### [Task brief]
Begin with the line holding "desert engagement session", then print every line after it through the end of the data, exactly and with nothing added.

### [Input data]

'''

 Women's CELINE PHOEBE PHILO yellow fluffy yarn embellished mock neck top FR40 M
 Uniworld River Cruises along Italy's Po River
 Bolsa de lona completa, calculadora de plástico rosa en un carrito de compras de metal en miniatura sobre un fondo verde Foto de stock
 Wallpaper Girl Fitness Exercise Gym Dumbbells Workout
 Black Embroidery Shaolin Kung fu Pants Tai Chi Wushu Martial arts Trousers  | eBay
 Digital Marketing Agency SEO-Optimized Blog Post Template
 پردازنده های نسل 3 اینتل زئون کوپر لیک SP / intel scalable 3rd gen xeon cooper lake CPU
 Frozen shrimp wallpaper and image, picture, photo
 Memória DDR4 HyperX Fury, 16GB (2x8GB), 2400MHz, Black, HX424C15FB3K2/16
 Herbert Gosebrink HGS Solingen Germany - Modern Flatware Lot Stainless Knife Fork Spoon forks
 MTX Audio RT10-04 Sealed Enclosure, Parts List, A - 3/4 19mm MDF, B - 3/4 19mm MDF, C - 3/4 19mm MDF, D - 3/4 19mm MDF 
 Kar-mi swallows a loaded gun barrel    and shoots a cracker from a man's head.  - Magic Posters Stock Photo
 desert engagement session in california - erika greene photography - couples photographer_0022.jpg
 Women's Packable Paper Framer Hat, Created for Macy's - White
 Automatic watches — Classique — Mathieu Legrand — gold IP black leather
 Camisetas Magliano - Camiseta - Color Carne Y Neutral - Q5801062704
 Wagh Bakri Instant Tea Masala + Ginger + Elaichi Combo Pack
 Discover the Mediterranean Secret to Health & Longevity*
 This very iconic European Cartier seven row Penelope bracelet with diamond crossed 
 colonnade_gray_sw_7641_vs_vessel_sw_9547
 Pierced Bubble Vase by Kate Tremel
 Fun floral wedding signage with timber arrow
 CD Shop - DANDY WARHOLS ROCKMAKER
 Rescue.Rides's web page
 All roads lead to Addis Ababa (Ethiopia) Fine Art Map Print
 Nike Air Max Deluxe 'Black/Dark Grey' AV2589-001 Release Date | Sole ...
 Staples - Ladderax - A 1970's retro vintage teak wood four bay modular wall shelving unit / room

'''

### [Result of the exercise]
 desert engagement session in california - erika greene photography - couples photographer_0022.jpg
 Women's Packable Paper Framer Hat, Created for Macy's - White
 Automatic watches — Classique — Mathieu Legrand — gold IP black leather
 Camisetas Magliano - Camiseta - Color Carne Y Neutral - Q5801062704
 Wagh Bakri Instant Tea Masala + Ginger + Elaichi Combo Pack
 Discover the Mediterranean Secret to Health & Longevity*
 This very iconic European Cartier seven row Penelope bracelet with diamond crossed 
 colonnade_gray_sw_7641_vs_vessel_sw_9547
 Pierced Bubble Vase by Kate Tremel
 Fun floral wedding signage with timber arrow
 CD Shop - DANDY WARHOLS ROCKMAKER
 Rescue.Rides's web page
 All roads lead to Addis Ababa (Ethiopia) Fine Art Map Print
 Nike Air Max Deluxe 'Black/Dark Grey' AV2589-001 Release Date | Sole ...
 Staples - Ladderax - A 1970's retro vintage teak wood four bay modular wall shelving unit / room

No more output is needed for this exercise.